Hildegard’s musical language in c.1150 was necessarily monophonic; experiencing the full hour can be a fine meditative experience. MacMillan's choral writing offers true drama, and typically sensitive setting of the Latin text. Though he gives the devil none of the best tunes – the role is a spoken one and of minimal interest, however well delivered by Charles Gibbs – the composer refuses to let the Virtues be white versus black, and runs the colours of the rainbow, and a full dynamic range, for them. Just when you think the individual preachings of Humility and Charity in Part Two are getting a bit too vanilla, bold rhythms and dynamism take over. Part Three, when the battle is for the fugitive, not against the devil, has a blinding conviction, with striking vocal glissandi from the Soul – a truly operatic performance from BBC Singer Emma Tring – and the Virtues. The binding of the serpent notches the tension up further still, and the contributions throughout of Andrew Barclay (pictured above) on crotales, vibraphone, suspended cymbal, tom-tom and stunningly various effects on the bass drum heighten both the drama and the ritual.

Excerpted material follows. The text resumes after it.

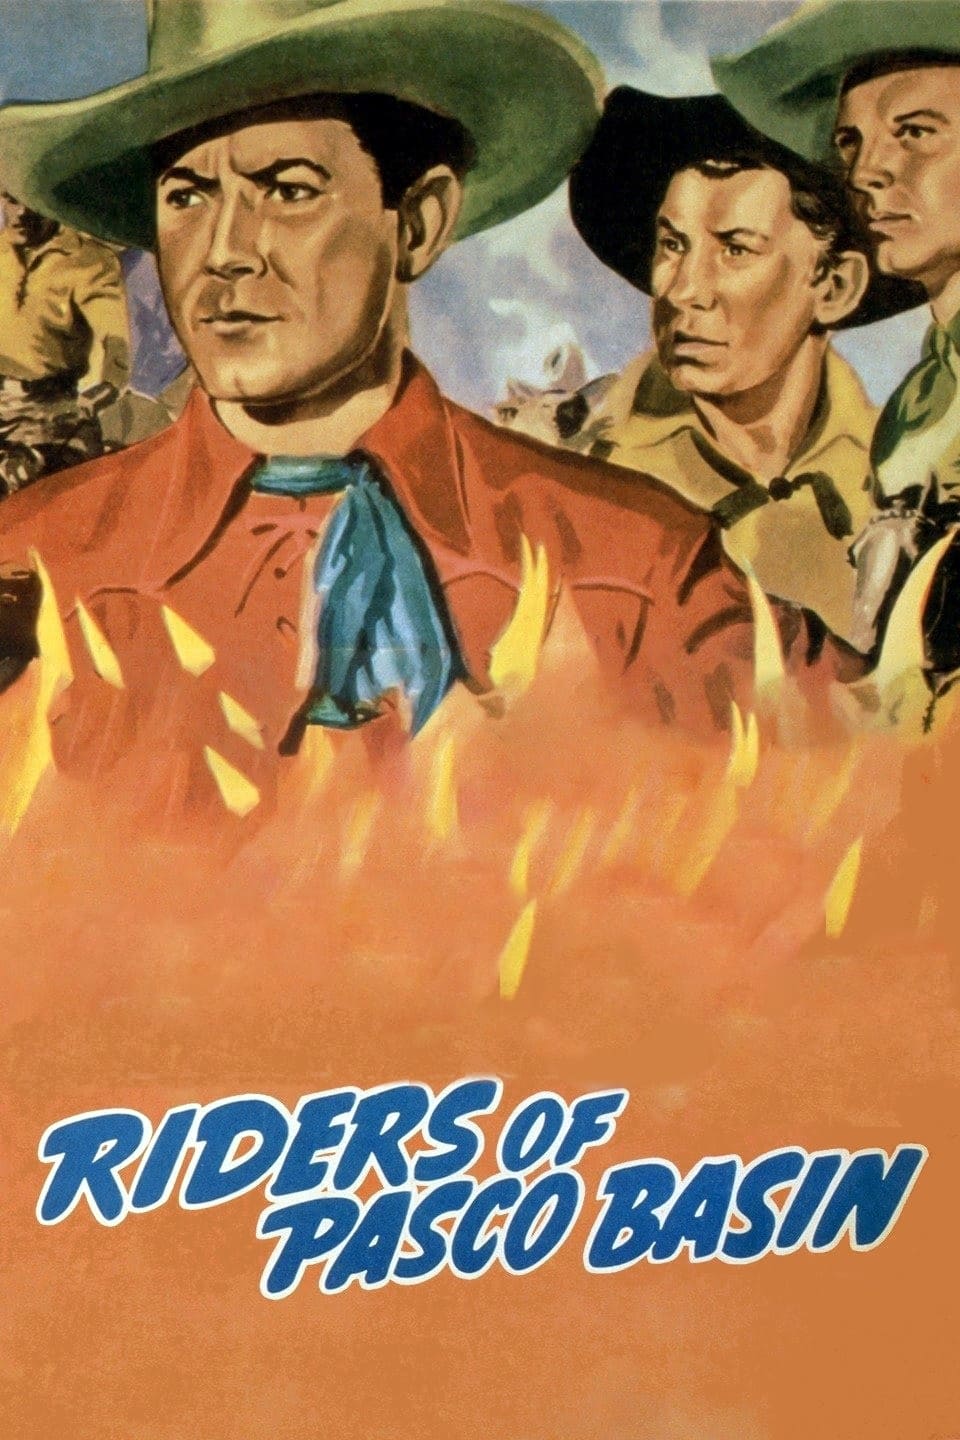 Riders of Pasco Basin (1940)

This is, of course, the ultimate triumph for Sofi Jeannin and the BBC Singers in a 100th anniversary year we weren’t at one stage sure they were going to survive to see (Ordo Virtutum was composer in 2020-1 for Leipzig’s Mitteldeutscher Rundfunk Choir, but not premiered by them until January of last year; this is its first UK performance): the many solos alongside Tring and the more choral-soprano purity of Rebecca Lea were all superbly taken, and the great blazes, enriched by an essential ongoing collaboration with National Youth Voices, dazzle and disorientate. They also at times deafen, an unpleasant side-effect of Milton Court Concert Hall, no better than its parent Barbican Hall in over-amplifying, and its coffin-like interior always feels unwelcoming, to me, at any rate. Better, surely, would be a church setting and an element of costuming and acting out; with the performers, however committed, facing us motionless, you’re also conscious that diversity is never the name in British professional choral singing, not even in the youth division. But at least the English translation could be projected on the back wall, and focus.entirely on the music made us realise what a major contribution MacMillan has made, yet again, to the repertoire (the composer pictured above with Lea, Tring and Jeannin). A fascinating sacred counterpoint to the profane drama of Turnage’s Festen earlier this week – and if not, ultimately, as moving, for me, just as various and compelling.